## Directions:
Print, please, exactly the lines from the one with "1 carat of stunning" through the final line of the data below, with both ends included and the pictures left out.

## Dataset section:
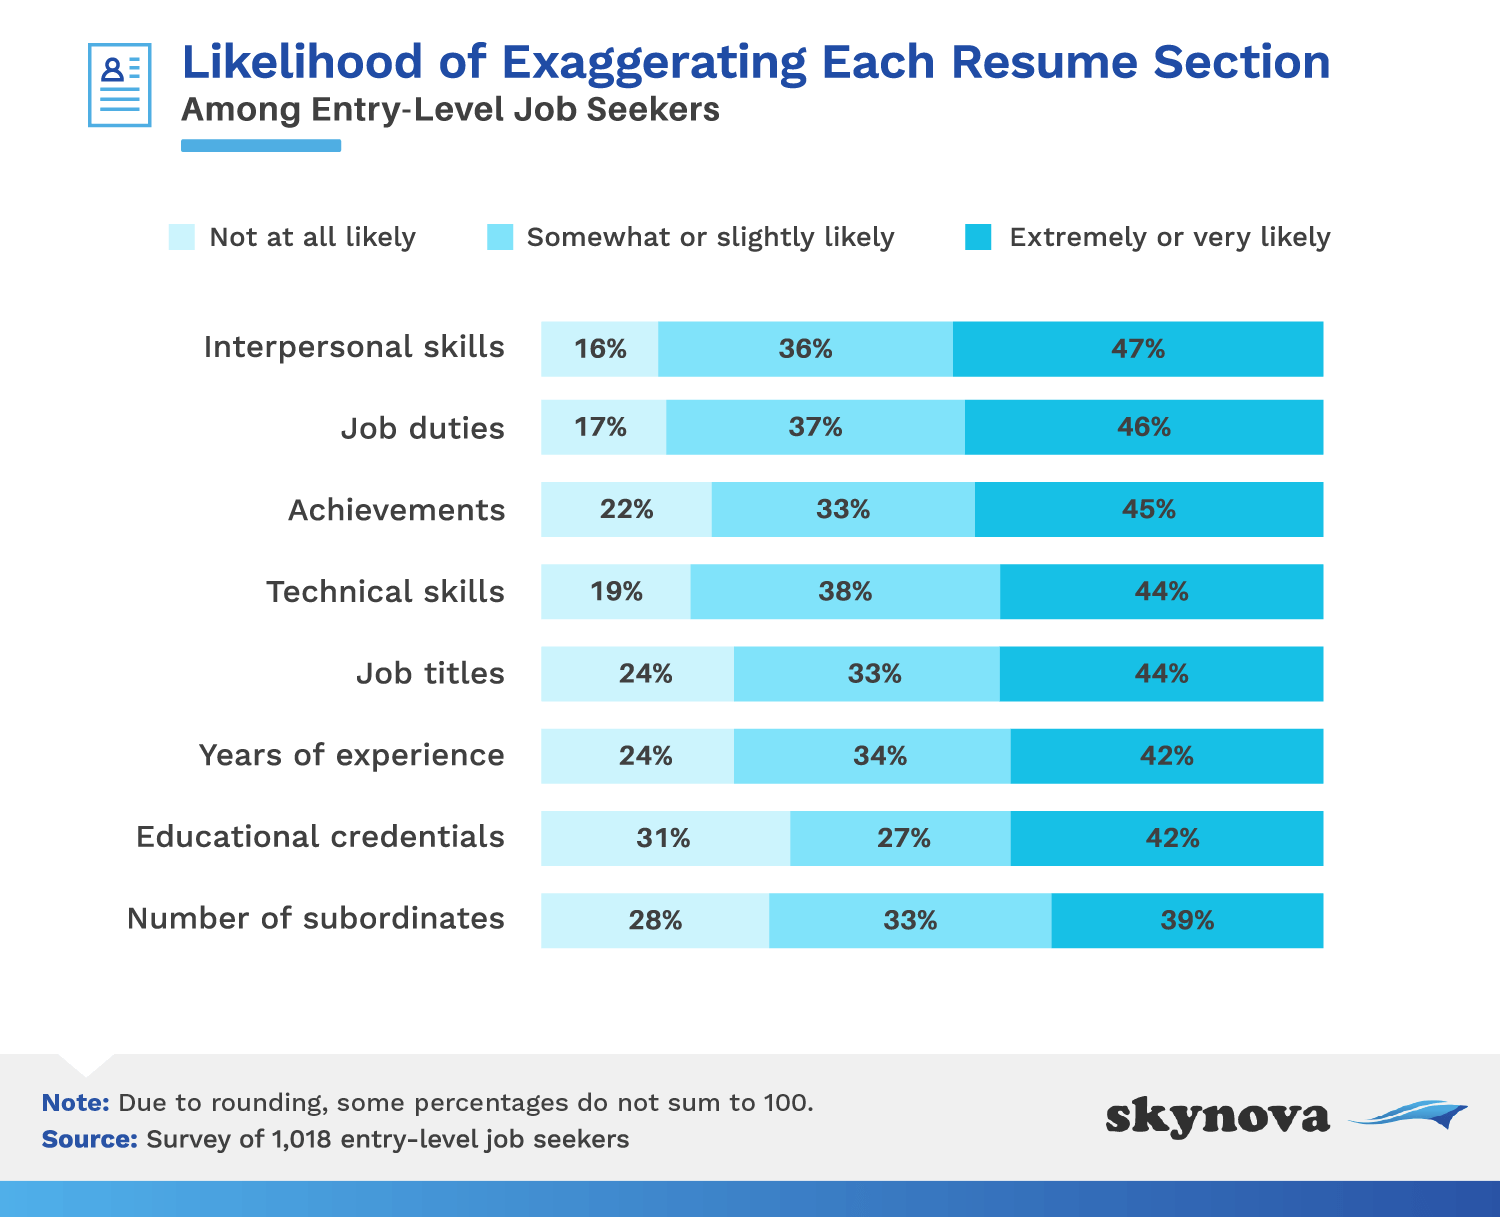 Likelihood of exaggerating each resume section
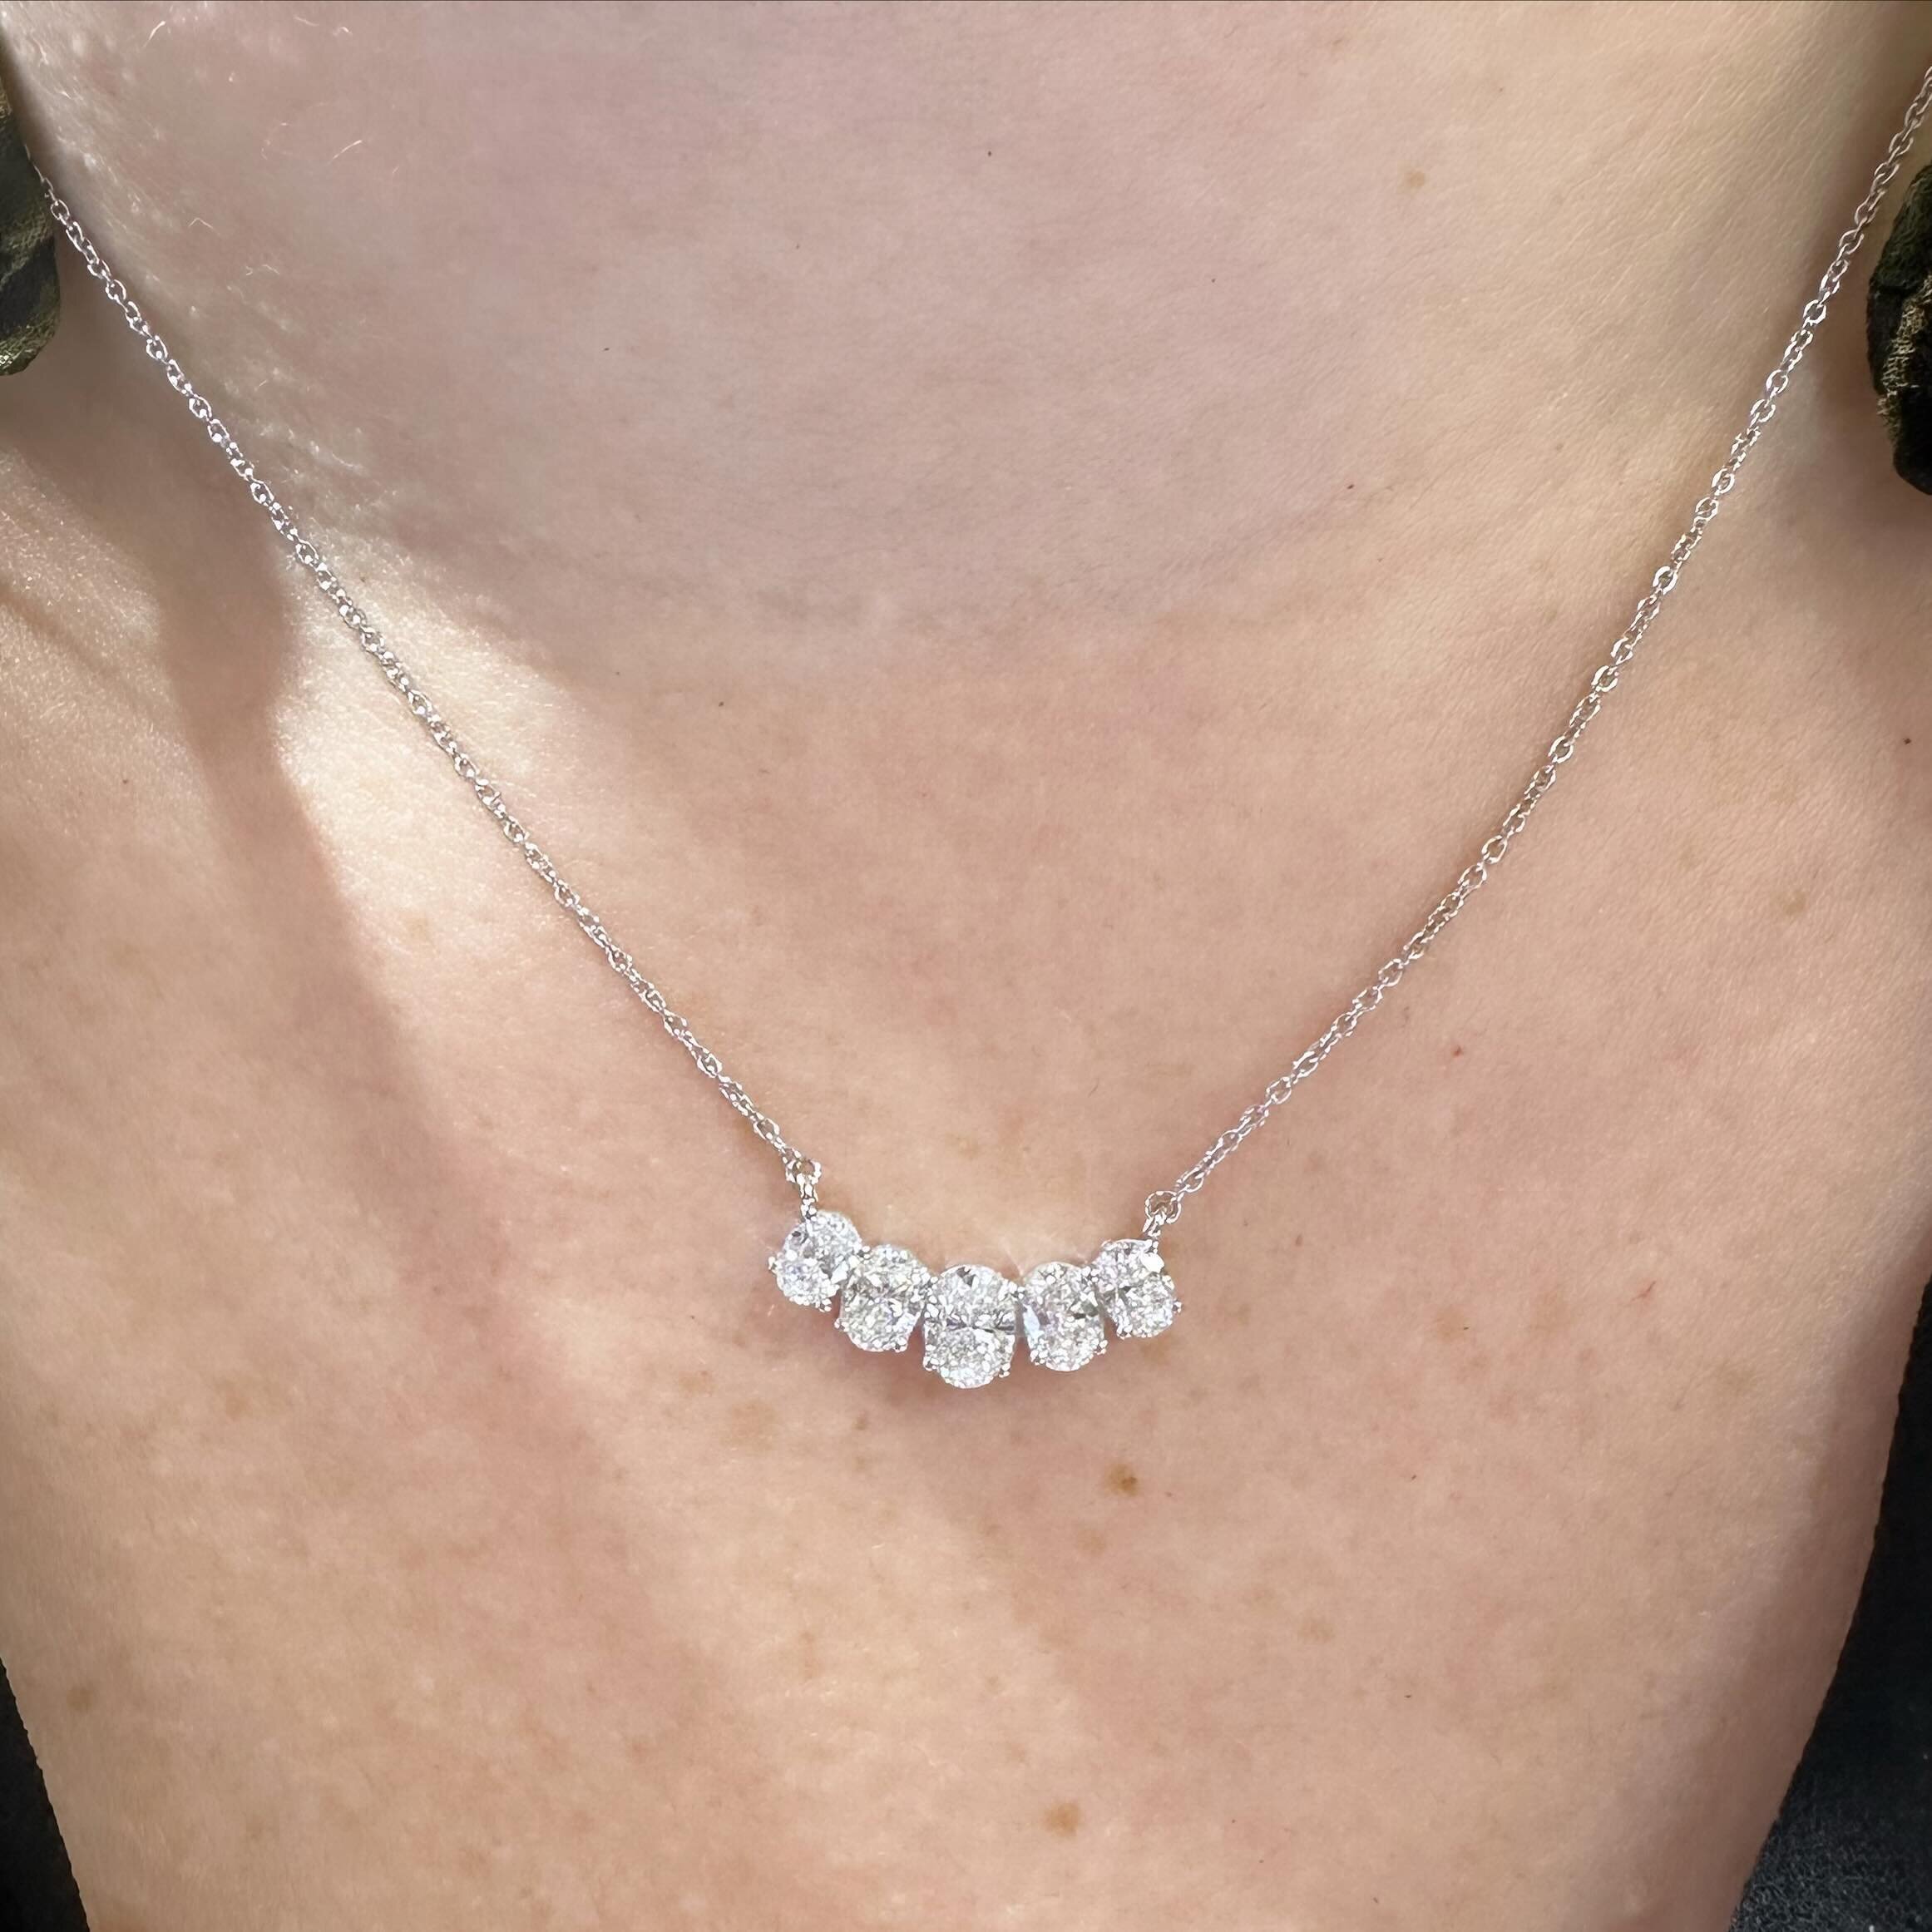 1 carat of stunning oval brilliant diamonds! 

#scfinejewelry #diamonds #fashion #ootd #instagram

## Result of the task:
 1 carat of stunning oval brilliant diamonds! 

#scfinejewelry #diamonds #fashion #ootd #instagram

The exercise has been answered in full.